In the entries below, find the line with "- iStyle Bath" and the line with "Camiseta para academia". Reproduce those two lines and every line between them exactly, and nothing more.

Entries shown:

*-*-*

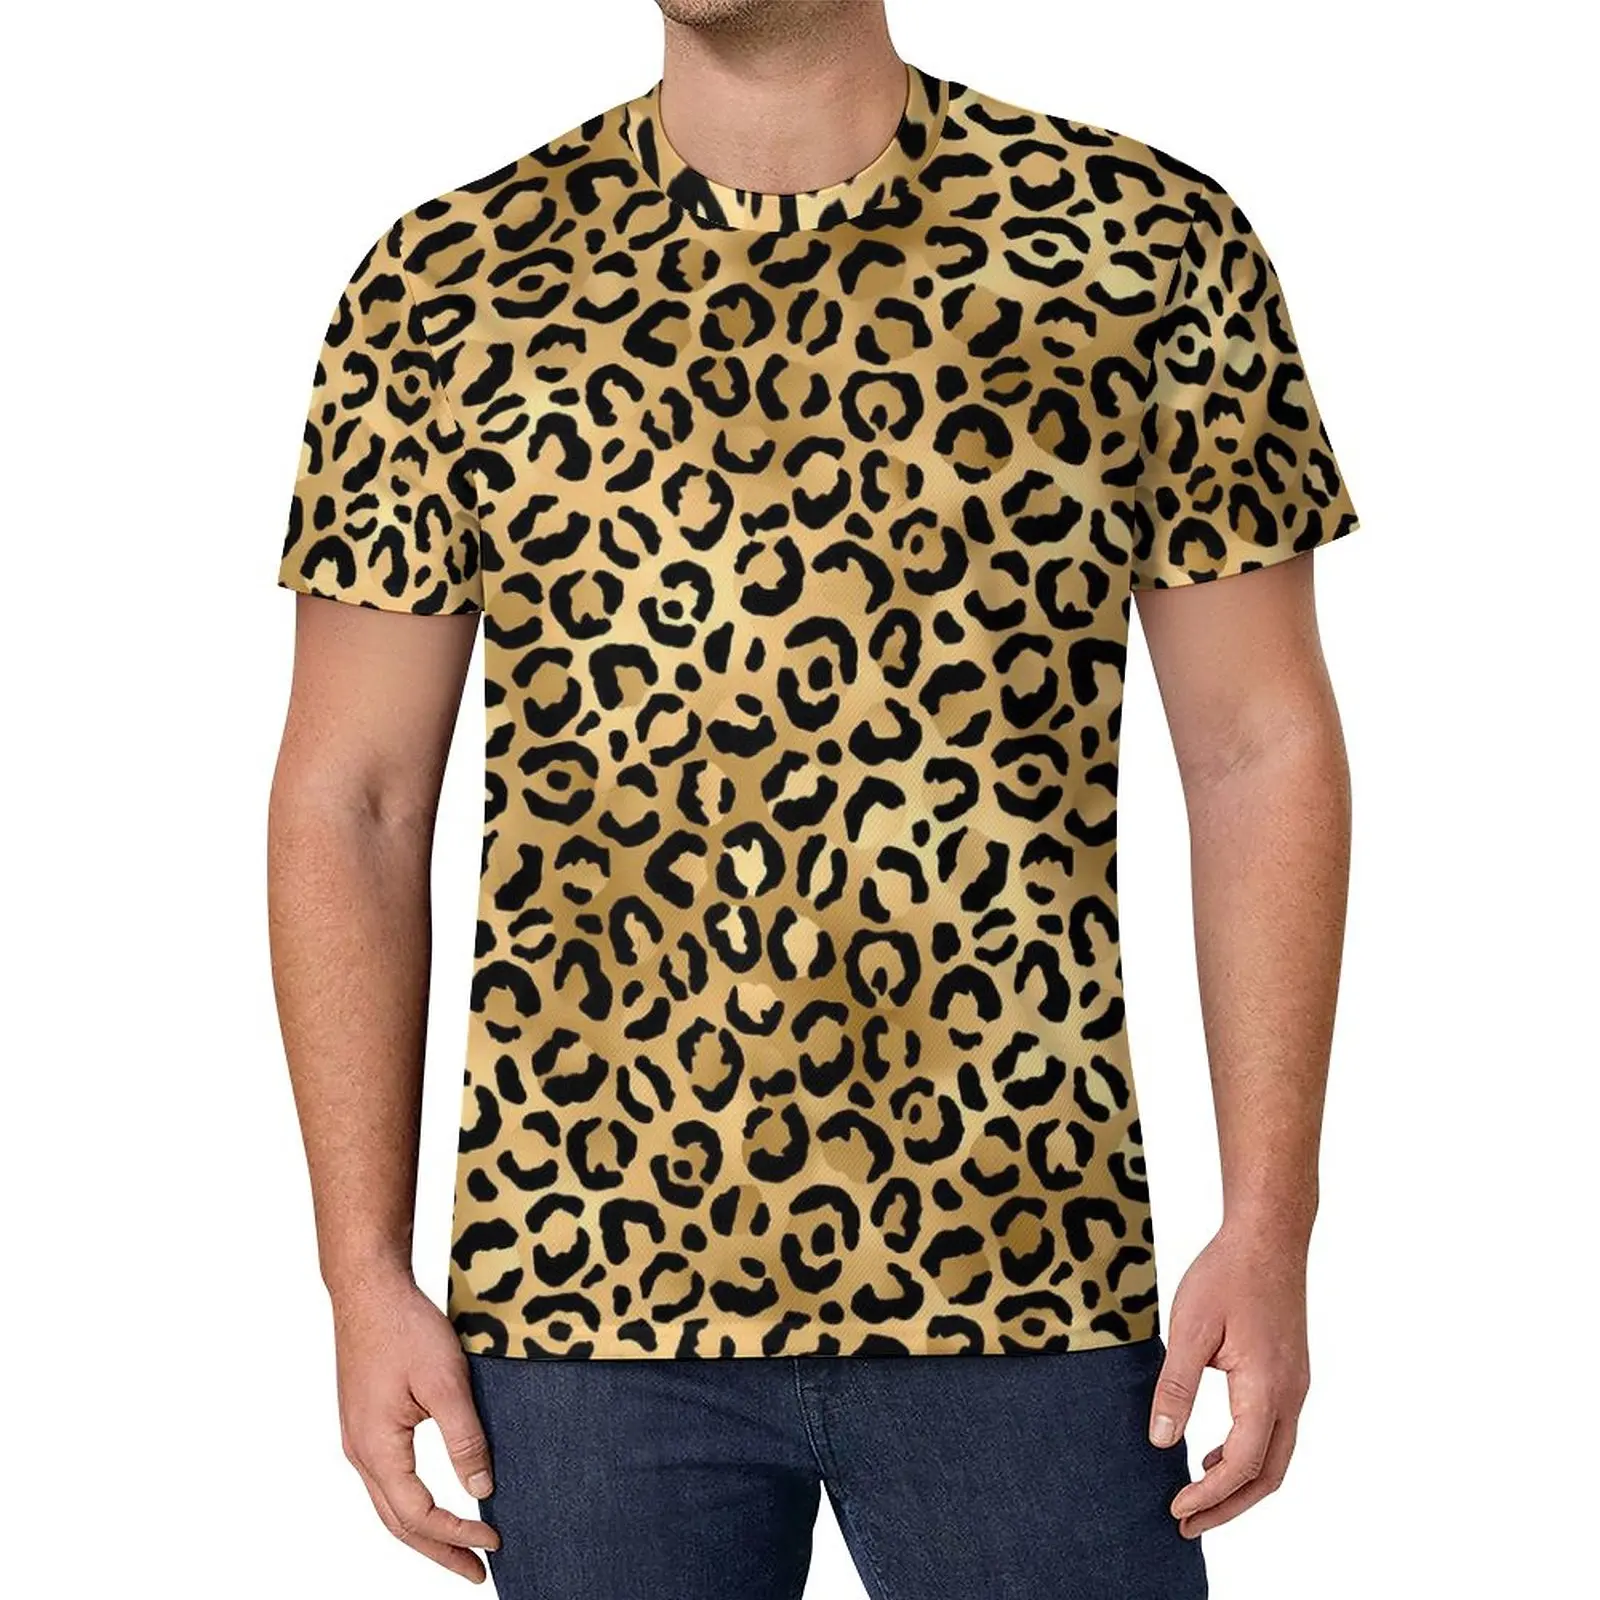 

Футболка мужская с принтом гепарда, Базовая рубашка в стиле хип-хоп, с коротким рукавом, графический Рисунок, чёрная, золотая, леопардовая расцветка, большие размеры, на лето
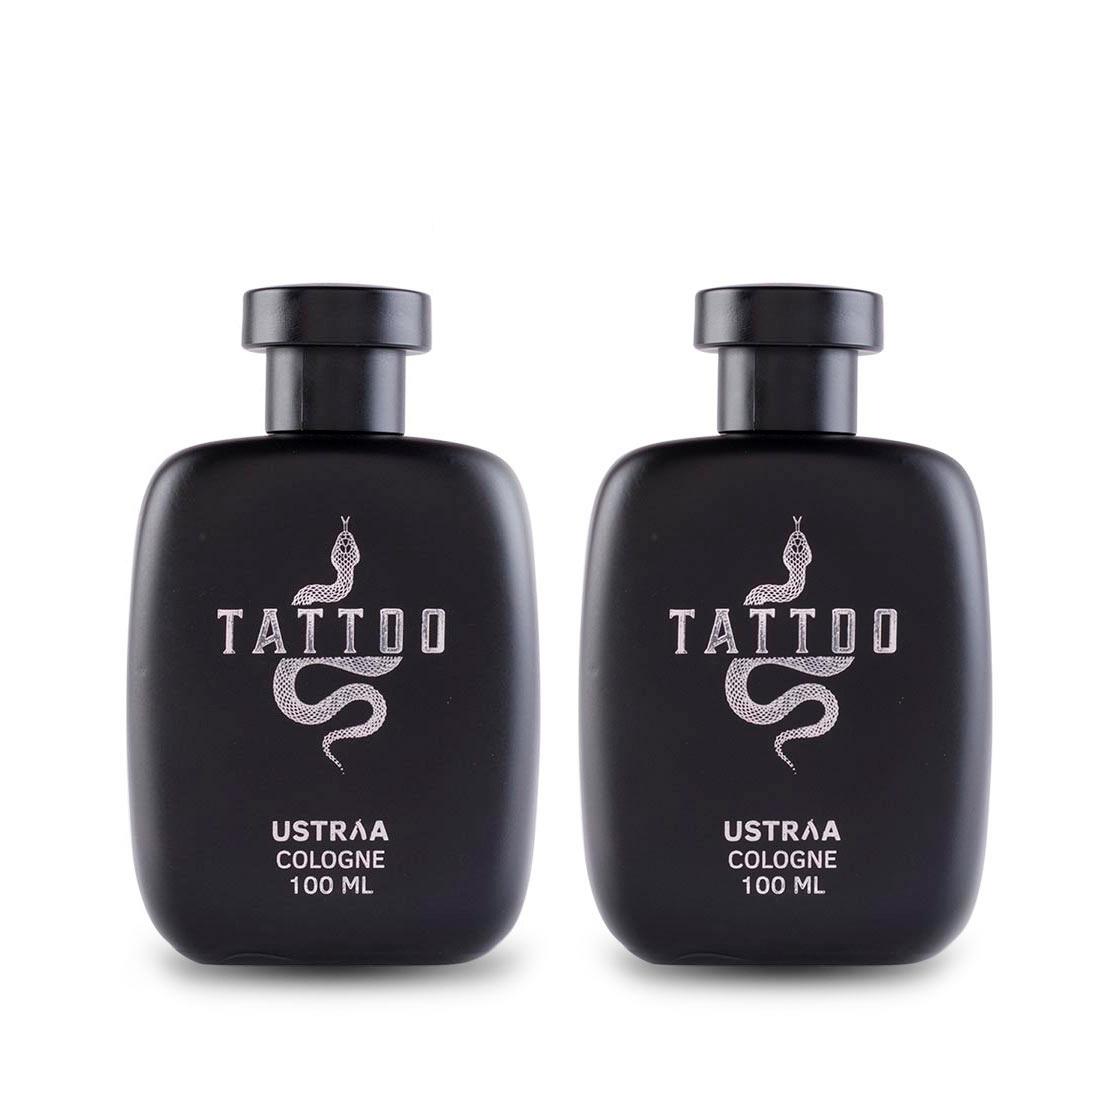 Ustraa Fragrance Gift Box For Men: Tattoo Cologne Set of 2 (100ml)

*-*-*

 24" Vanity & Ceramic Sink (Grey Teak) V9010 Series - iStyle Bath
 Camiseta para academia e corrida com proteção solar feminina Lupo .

*-*-*

Completed exercise:
 24" Vanity & Ceramic Sink (Grey Teak) V9010 Series - iStyle Bath
 Camiseta para academia e corrida com proteção solar feminina Lupo .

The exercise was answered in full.